Simple Harmonic Motion

When the restoring force on an oscillating object is proportional to its displacement (that is, when

F \sim y (t)

), then the oscillation is called simple harmonic motion. If we graph the displacement of such an oscillation as a function of time, we find that the displacement is sinusoidal-- it looks like a sine or cosine function.

We can write the displacement as a cosine (in radians mode):

y (t) = A \cos (2 π \frac{t}{T} + ϕ_{0})

where

$A$ is the amplitude of the oscillation
$T$ is the period of the oscillation
$ϕ_{0}$ is a number called the initial phase, which depends on where in the cycle the oscillation is at $t = 0$ . Most times we'll assume that $ϕ_{0} = 0$ for simplicity.

For example, if $ϕ_{0} = 0$ , then $y (t = 0) = A \cos (2 π \frac{0}{T}) = A \cos 0 = A$ because $\cos 0 = 1$ (see Trigonometric Functions).
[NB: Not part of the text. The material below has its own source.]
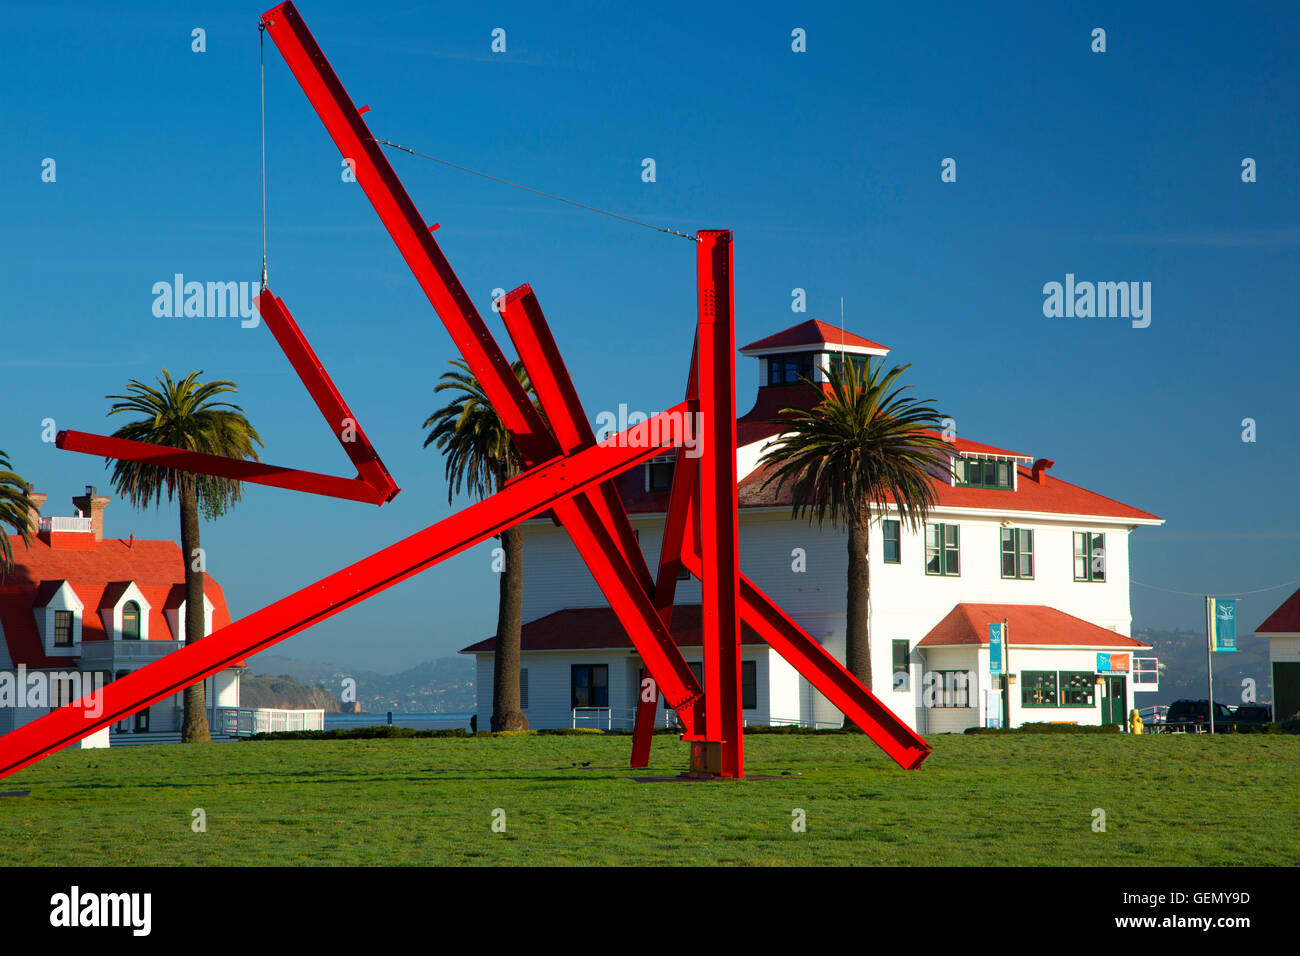 Mark di Suvero sculpture (2014) at Crissy Field, Presidio of San Francisco, San Francisco, California Stock Photo

At $t = T$ , it will have completed exactly one cycle, and its displacement is now $y (t = T) = A \cos (2 π \frac{T}{T}) = A \cos 2 π = A$ because $\cos 2 π = 1$ . (We must work with radians in this section!)

Because $f = \frac{1}{T}$ , we can also write the displacement as

y (t) = A \cos (2 π f t + ϕ_{0})

Physicists like this version because we don't like writing fractions if we can avoid it.